One my sort of philosophies is that we as product people, we spend too much time focusing on how we do or what we do as the job, the technical skills done, not enough on how we do it in terms of understanding the stakeholder management, the influencing skills that really get stuff done,
Right. And when I drop into a company as this smoke jumper interim head of product, one of the very first things I do is I have to size up my current product team and I get a little time with each of them and they think it's just a meet and greet. And the smart ones know it's a job interview, but one of the very first questions I ask is, how many customers or users or partners did you talk to outside the company in the last two weeks? That was not a sales call? And the best folks give me a number greater than zero.
The okay, ones may tell me none, but they have a reason why the organization's getting in their way and they're embarrassed about it. The folks in product jobs who aren't talking to directly to real end users on a regular basis and aren't embarrassed about it, they actually get an instant promotion because I'm going to promote them to some other job in the company that doesn't work for product. Because if you're not talking to customers directly, you are not a product manager. Right. So true. And that's important because for me, the best product folks are each spending about half their time facing their engineering and design and maker team and half their time facing customers in the market, each of them not dividing it into two jobs. And so I'm bringing back customers and knowledge and insights to my team, and we're working the roadmap together. And then I have to trot that back out and convince the rest of the company that we actually have customer data that suggests these are the right roadmap items. So for me, I've done much less of the tooling and creation over the last decade or two, and I depend on people who are smarter than me who do that job to bring something up. That makes sense.
Cool. Makes sense. So coming towards the end, rich been really good conversation. I'm going to ask you the hardball question
Now.
If you had to distil your philosophy on roadmapping down to one or two sentences, what is it?
Okay. Roadmaps are communication tools. They're not strategies. And we have to have as many versions of those or variations on those as the different audiences who need to absorb them. I think it falls to us to have presentations and materials and content that work with our audiences instead of blaming our different audiences for not being alike or understanding.

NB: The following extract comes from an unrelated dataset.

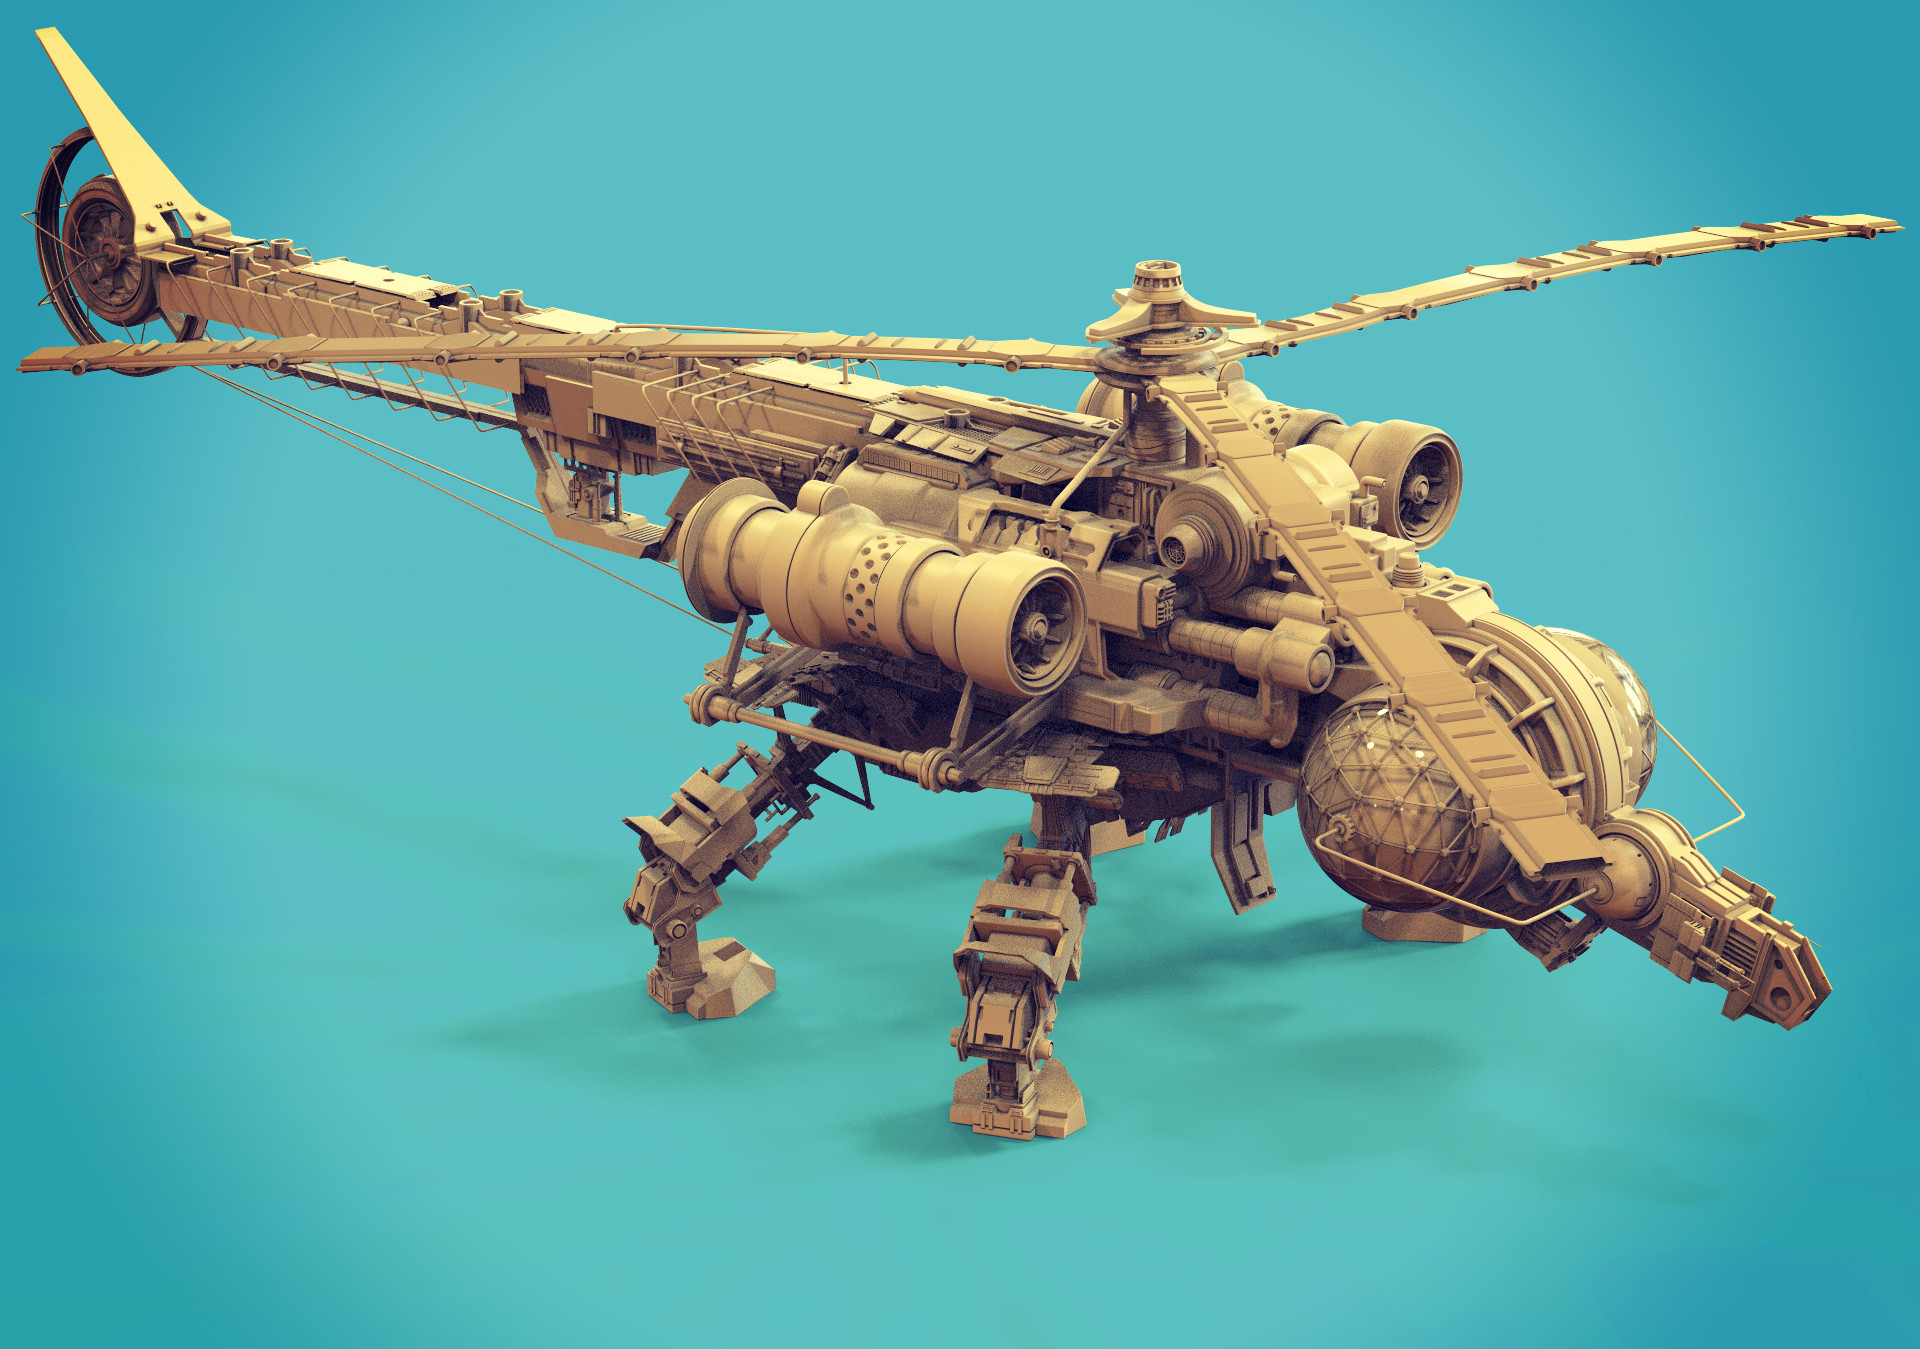 Ben nicholas bughelicopter 01
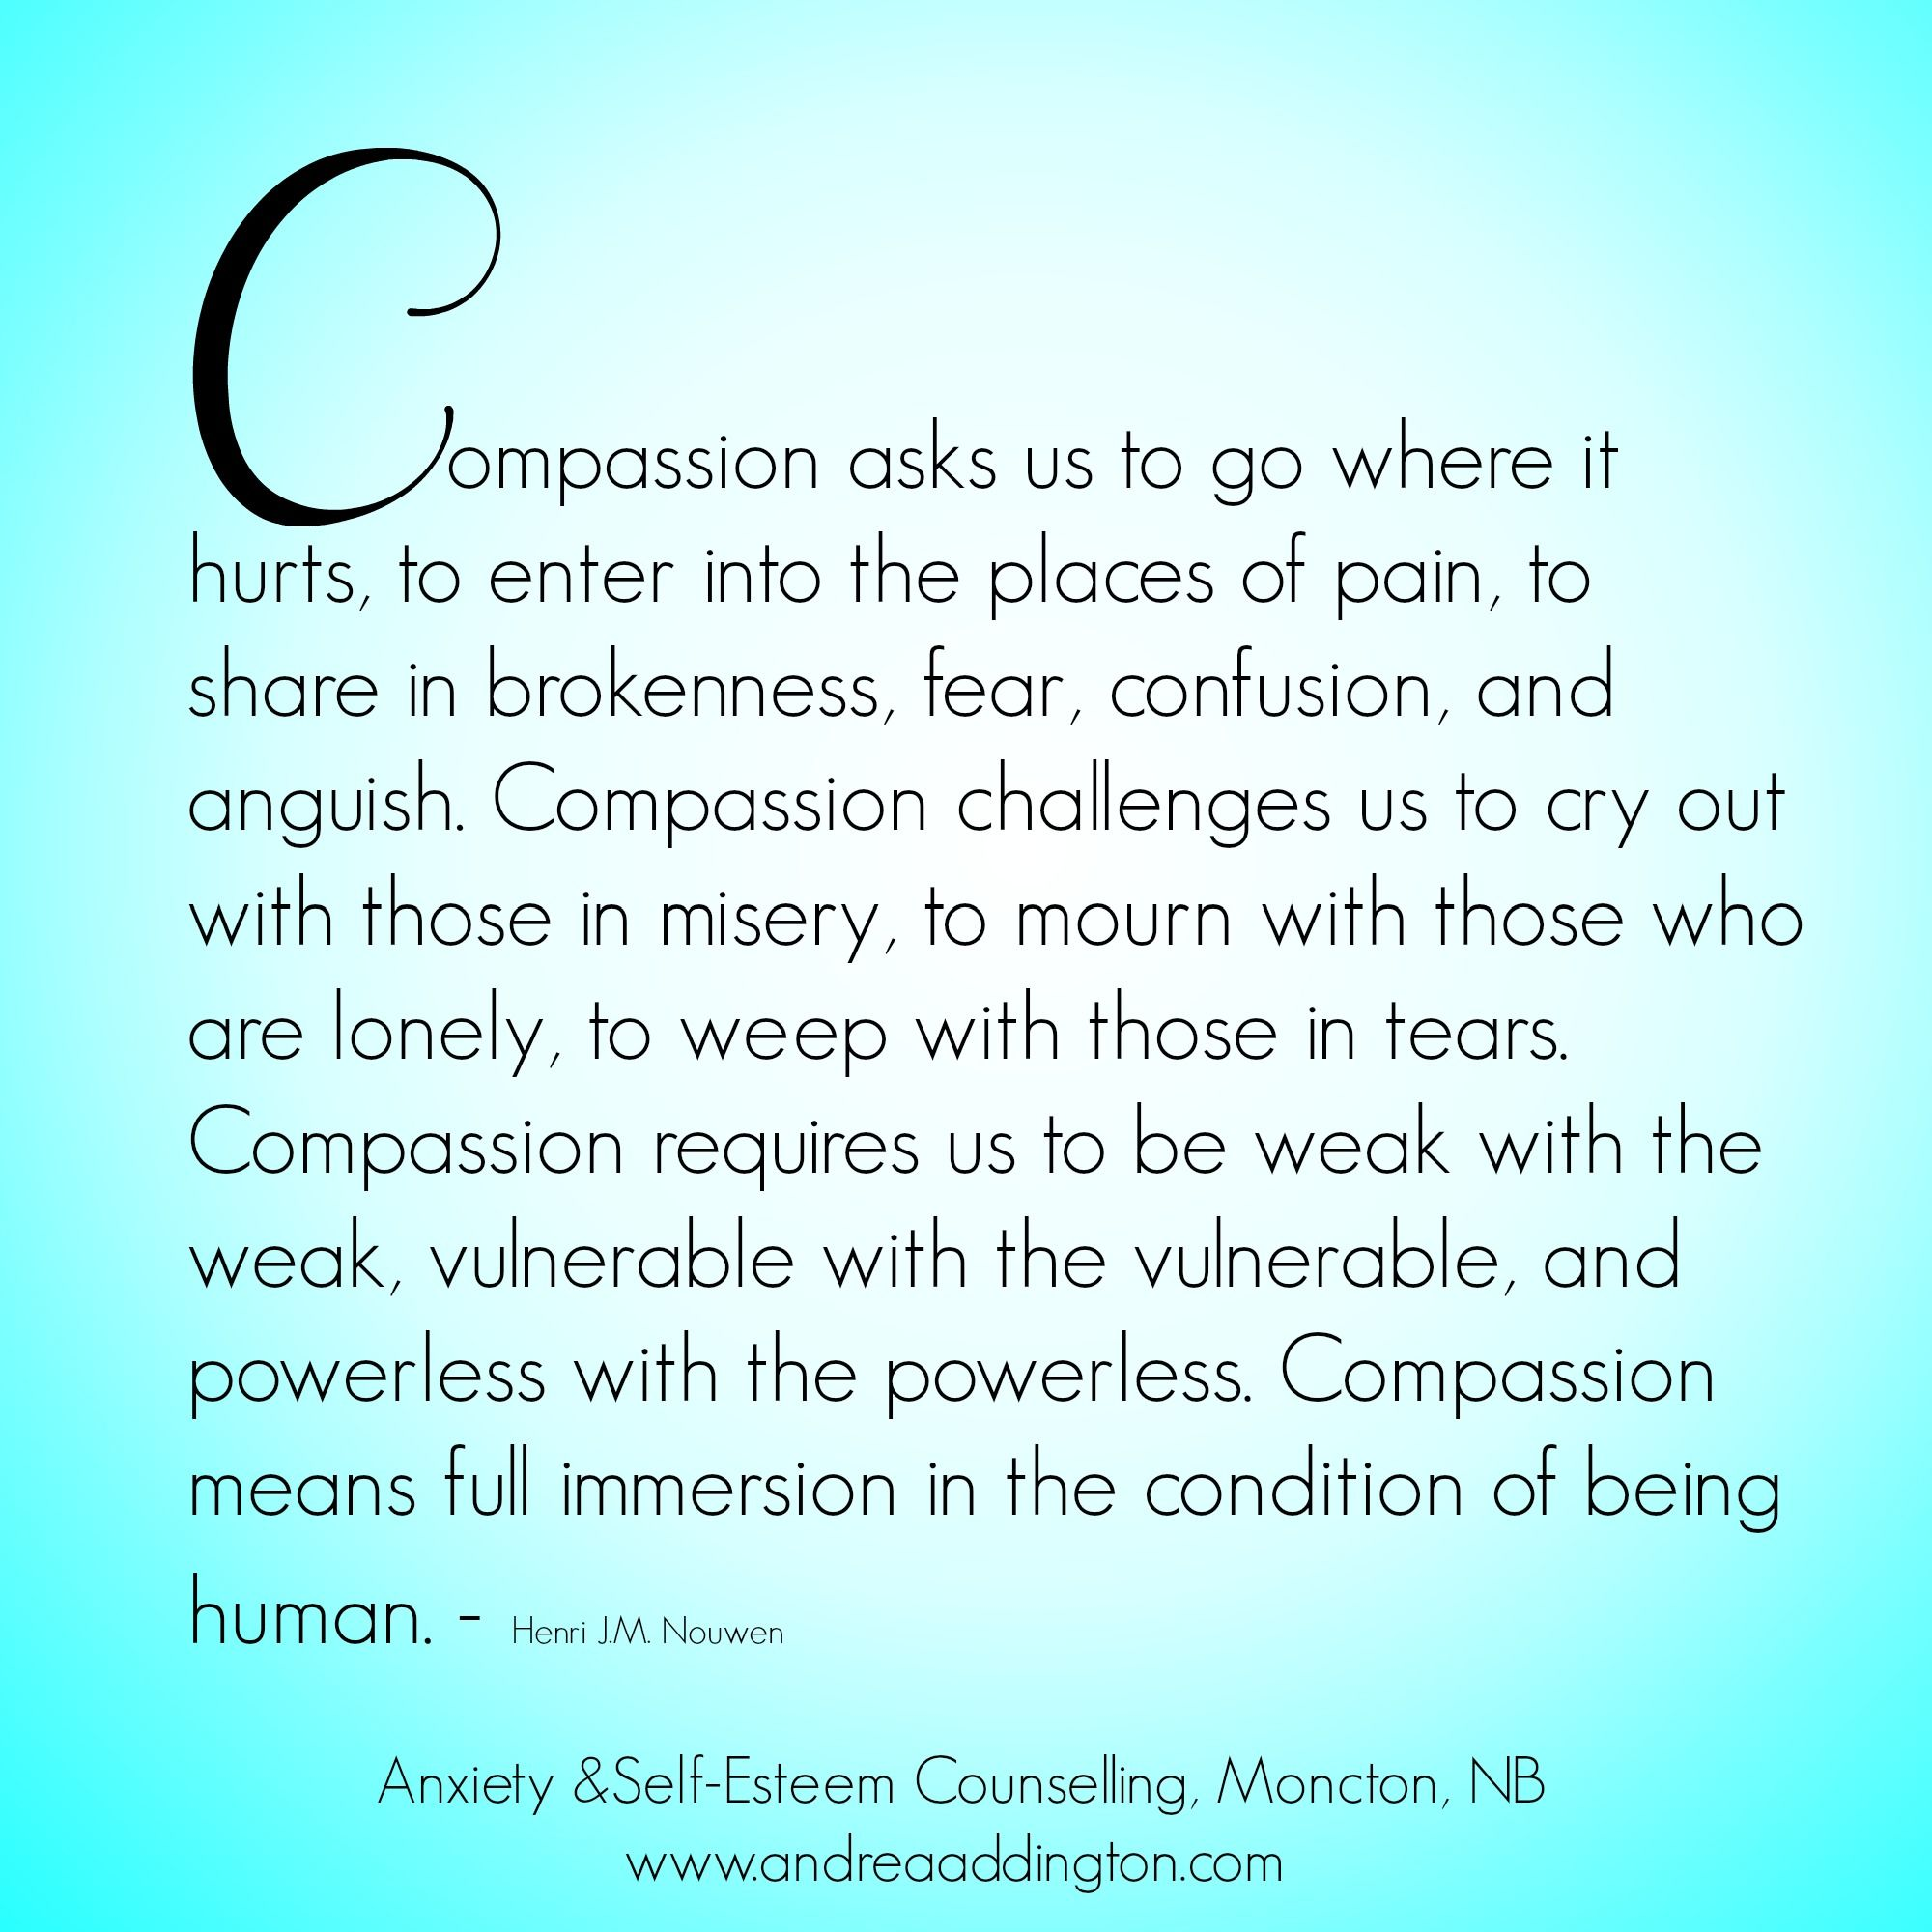 Compassion Henri J.M. Nouwen quote | Hero quotes ...

Love it. Love it. So I'm going to do my Steve blank I think it is now, and ask you, what should I have asked you that I didn't ask you about road mapping?
I think you should have asked why it's so hard and why there isn't a universal standard for it.
So what's your thoughts on that question then, rich?
I think it's a real reflection of larger company ethos and processes and culture and how different groups get things done. And so I don't think there's, if we go back to Plato, whatever, there's no canonical perfect roadmap for all settings, for all companies, for all situations. That was why I sort of pulled back on best practises. I think you have to find something that works and that doesn't consume lots and lots of time and gets the job done. And the job to be done here is to keep other folks in the company in some out of the company vaguely aware of what's happening next.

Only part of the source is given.